Dan Rees, announced as CEO on Monday, led retail banking at Scotiabank from 2019 to 2023.Denise Jones Productions Inc./Supplied
Alternative lender Goeasy Ltd. GSY-T has named Dan Rees as its chief executive officer, turning to an experienced retail banker to lead an expansion plan at a time when Canadians are facing rising financial stress.
Mr. Rees, announced as CEO on Monday, spent nearly 25 years at Bank of Nova Scotia, where he led the Canadian banking division. He is the first Goeasy CEO to be hired from outside the Mississauga-based company.
Goeasy provides loans to people who have bruised or lower credit scores, and struggle to qualify with the Big Six banks and other major lenders.
Mr. Rees led retail banking at Scotiabank from 2019 to 2023 and was a top candidate to be the bank’s CEO, before the lender surprised the industry by choosing one of its own board members, Scott Thomson, as its leader.
After Mr. Rees left Scotiabank late in 2023, he said he looked for a role at a public company in financial services where he could apply his experience in lending.
Goeasy is a fraction of Scotiabank’s size, but growing rapidly in a lending niche that is becoming increasingly mainstream. The company has made more than $16-billion of loans to about 1.5 million customers, and has a current loan portfolio worth $4.6-billion as of the end of 2024.
The company’s customers are a subset of some nine million Canadians that have non-prime credit scores – also called subprime or near-prime borrowers. It has more than 400 branches in Canada, in every province and major city.
“There’s a level of pride that the company has, and that I share, with regards to providing appropriate, well-priced access to credit for Canadians who deserve it,” Mr. Rees said in an interview.
Goeasy has a target to increase its loan book to between $7-billion and $8-billion by 2027, with plans to launch a credit card later this year and to boost its book of car loans. It is also considering whether to add loans to small businesses in the future.
“It was the right time to bring in someone that’s done this before, introduced new products before and has the experience to know, from past mistakes and successes and wins, how to make the right judgement calls,” said executive chair and interim CEO David Ingram in an interview. “We needed someone that could take us to the next level.”

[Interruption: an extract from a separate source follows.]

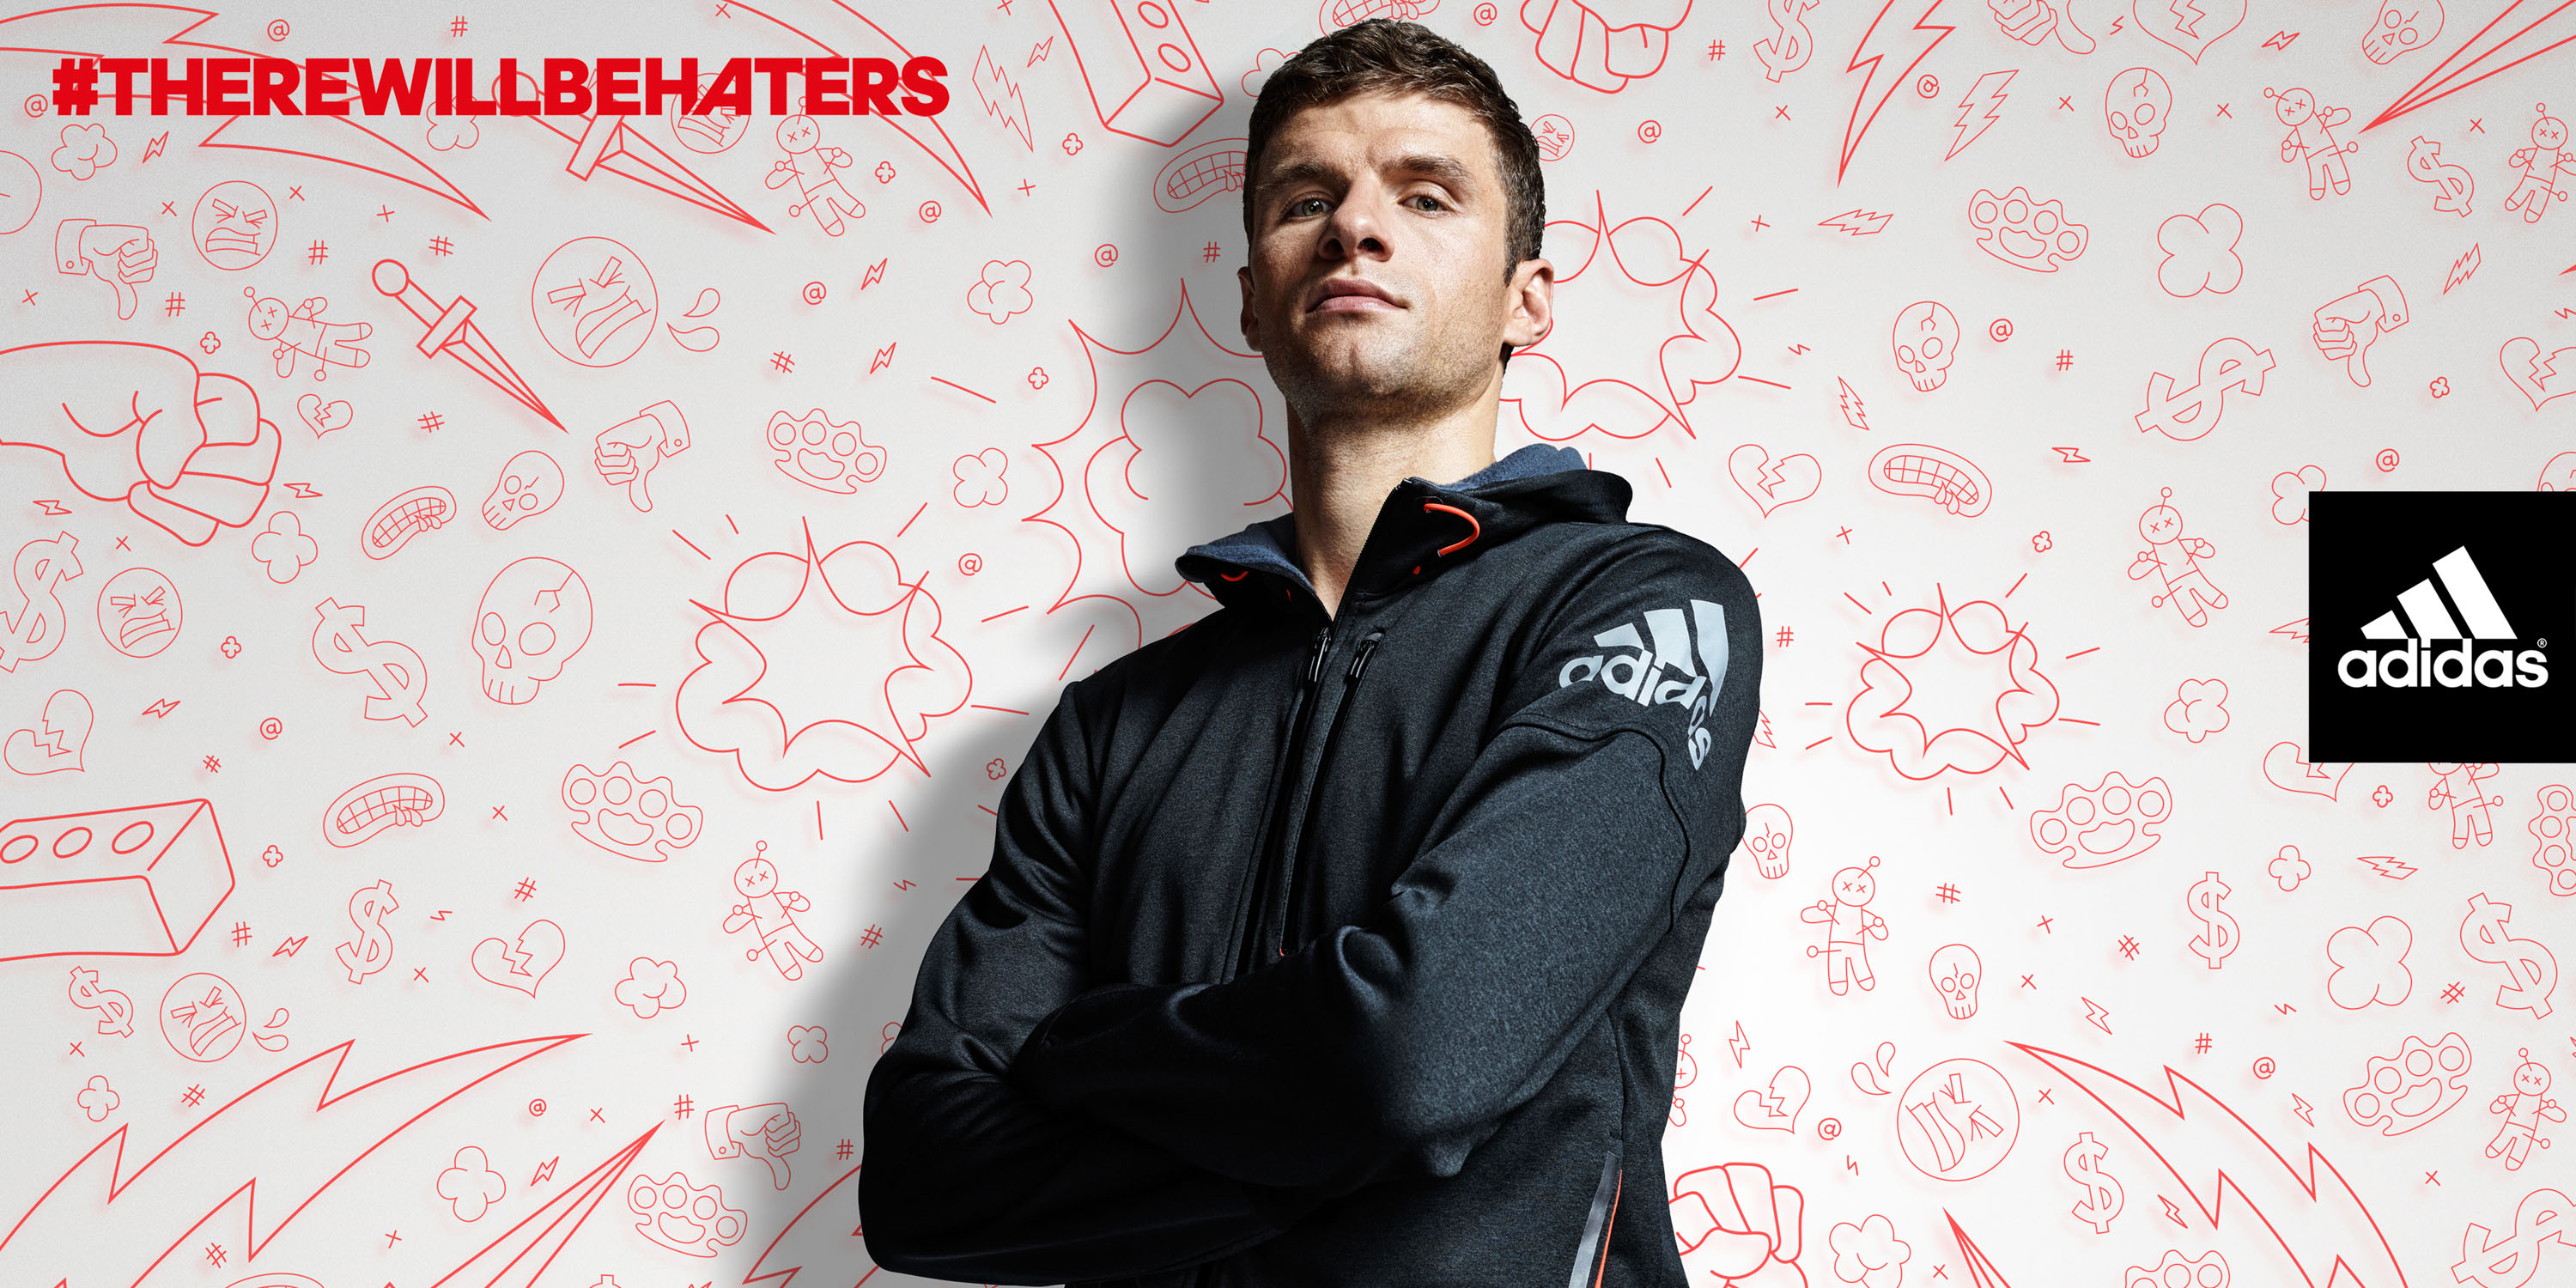 #There will be Haters Campaign, football, Thomas Müller, Detlef Schneider Photography

Mr. Ingram was Goeasy’s CEO from 2000 to 2018, and stepped into the interim role in January after his successor, Jason Mullins, moved to the company’s board of directors.
Goeasy is expanding at a fraught moment for Canada’s economy, with loan applications up 30 per cent year over year. The threat of U.S. tariffs to be imposed on Tuesday is set to put pressure on the job market, and could boost demand for Goeasy loans, especially as major banks tighten their lending criteria.
Economic turmoil could also put pressure on the company’s credit portfolio, creating the potential for higher losses on loans. Mr. Ingram said that, counterintuitively, non-prime borrowers typically have lower rates of default in downturns because they carry less debt than prime borrowers with mortgages and other large obligations.
“Delinquency rates have held up very well so far,” he said. “The biggest concern will be about how to manage the consumers through what could be a period of reinflation.”
Goeasy had “a strong quarter” to close out 2024, with improving profit and charge-offs on loans “that should calm investor concerns regarding the credit picture and uncertainty regarding tariffs,” National Bank Financial analyst Jaeme Gloyn said in a note to clients.
The typical Goeasy borrower has an income of about $60,000 a year, and the company mostly provides term loans and auto loans of $5,000 to $15,000, as well as pay-as-you-go services for merchants. For loans that are secured by property, the company will lend as much as $50,000 to a customer.
It charges annual interest rates ranging from 9.9 per cent to the government-mandated limit of 35 per cent.
Its main competitor is Fairstone Financial Inc., a Canadian personal lender owned by billionaire financier Stephen Smith.